Cenovus however stated that the U.S. manufacturer business is still of long-term importance to it. The company also sees reduced volatility in cash flows due to its integrated heavy oil value chains.

In the U.S., Lima Superior, Toledo and Toledo refineries reported an operating loss of C$97 millions in the fourth quarter, as compared to consensus expectations of a profit at C$15million, according To Credit Suisse (SIX:).

Cenovus bought Husky’s rival last year and created Canada’s No. Cenovus, an oil and gas producer, reported total production at 825 300 barrels of oil equivalent per hour (boepd), in the third quarter. This is up from 467 220 boepd one year ago.

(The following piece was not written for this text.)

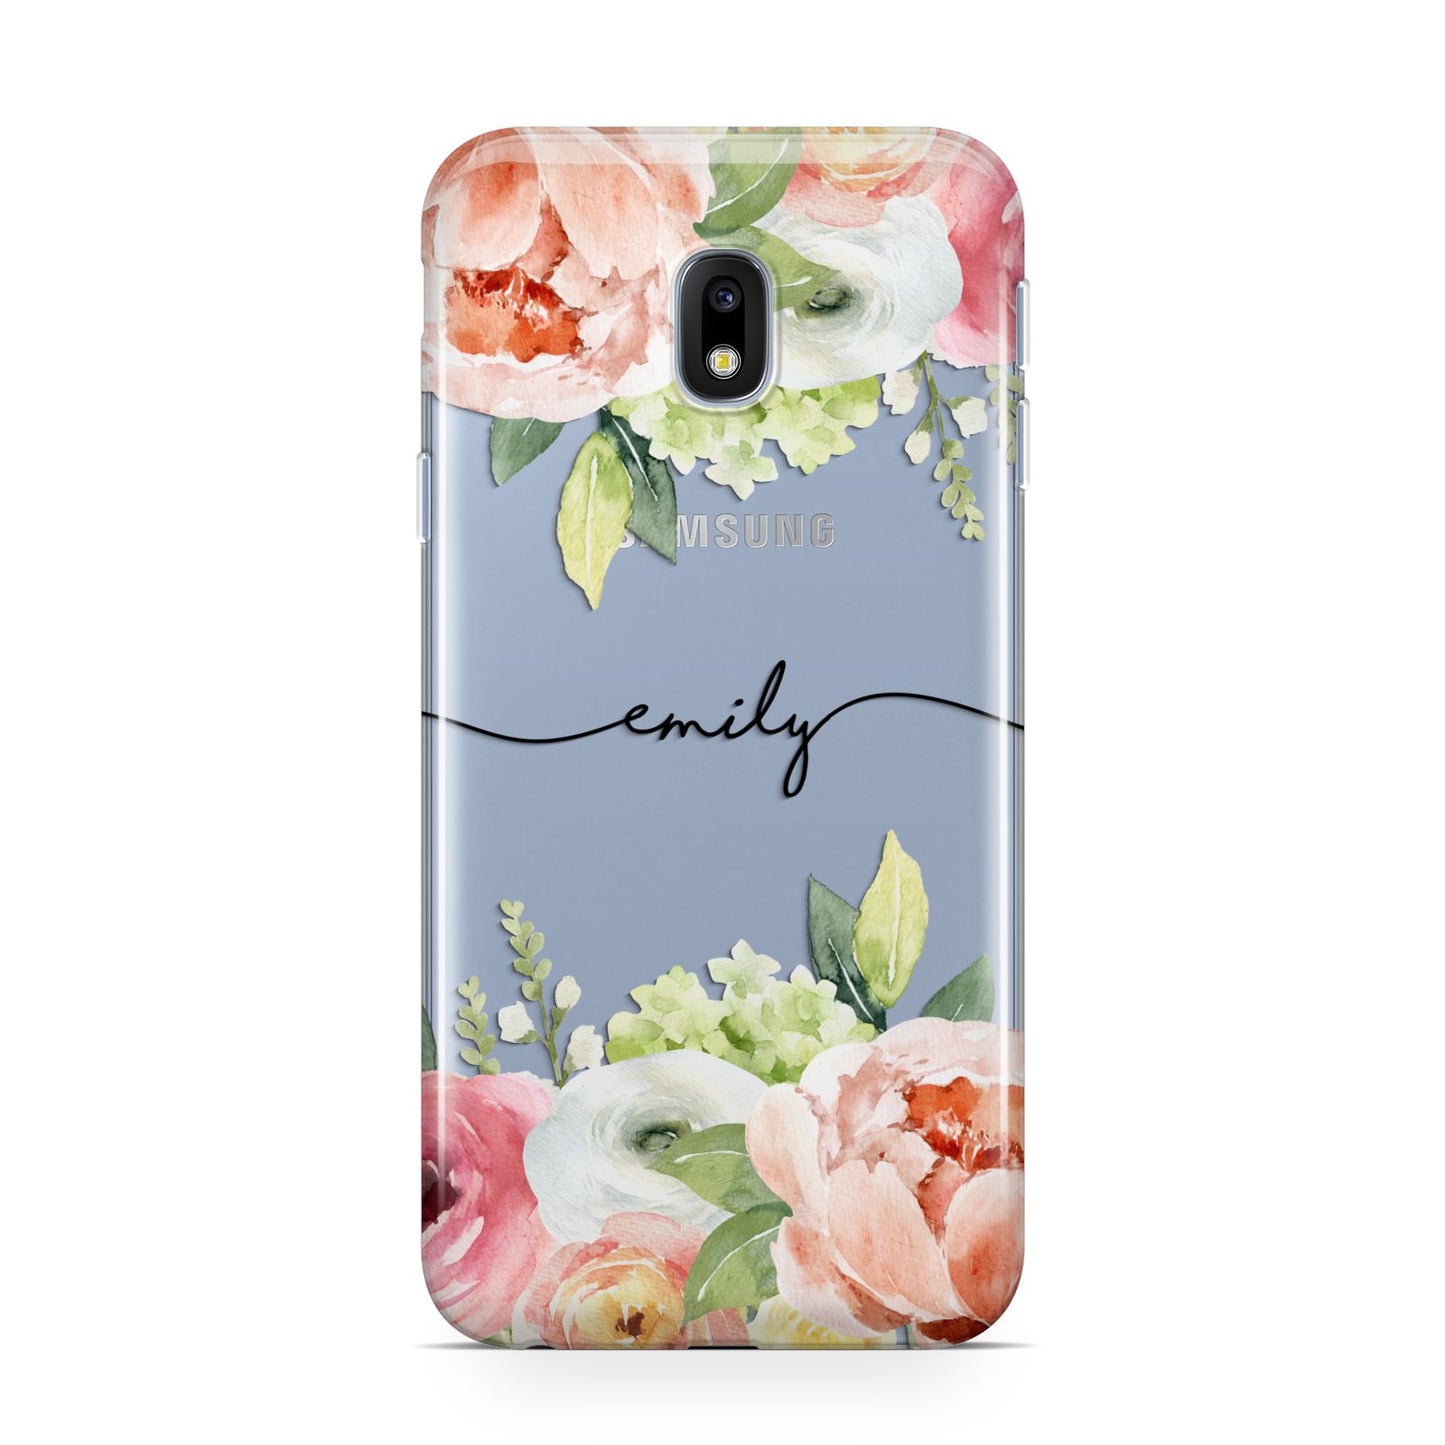 Personalised Flowers Samsung Galaxy J3 2017 Case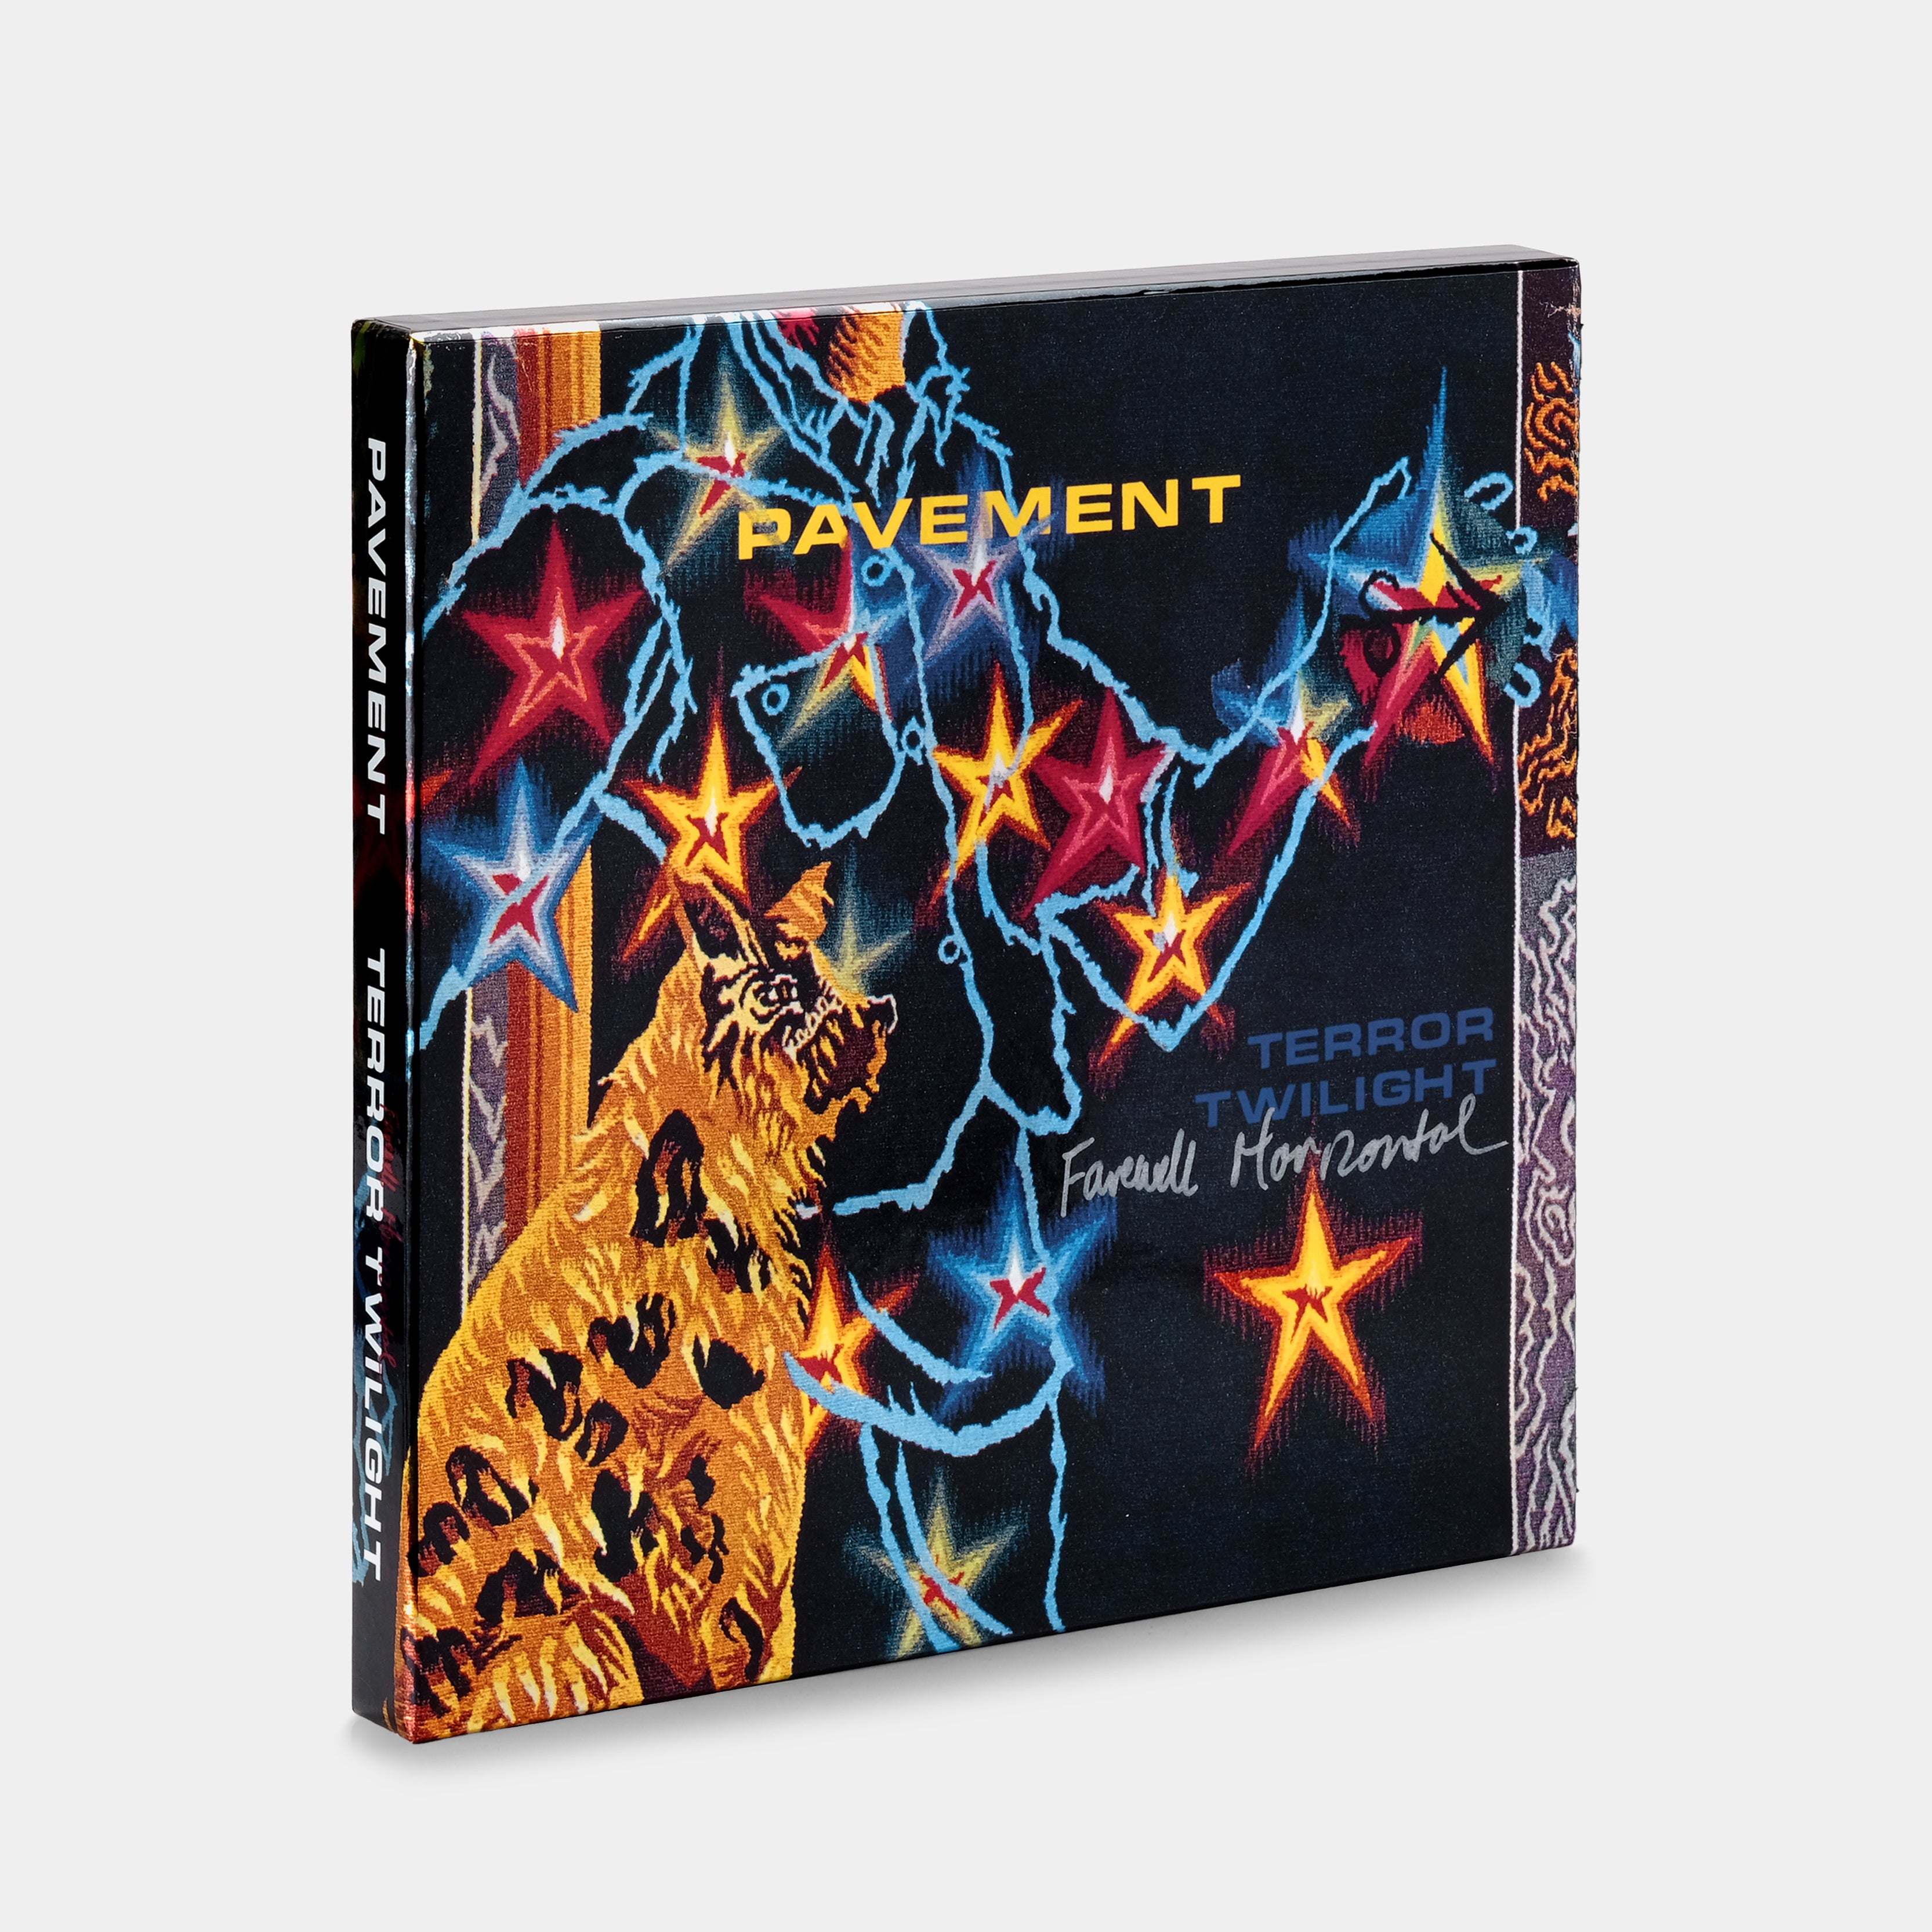 Pavement - Terror Twilight: Farewell Horizontal 4xLP Box Set Vinyl Record

The downstream throughput or crude oil processing increased by 469.900 barrels per daily (bpd), from 169,000 BPD.

Cenovus set an interim net-debt target of C$10billion and said that the debt was lower than C$9.6billion by year’s end.

Calgary, Alberta-based Company reported a net loss C$408 Million, or 21 Canadian Cents for the fourth quarter ended Dec. 31. This compares to C$153M, which is 12 Canadian cents per sy, one year ago.

Rivals, Imperial Oil (NYSE 🙂 Ltd. and Suncor Energy (NYSE 🙂 Inc. both failed to meet their quarterly profits expectations.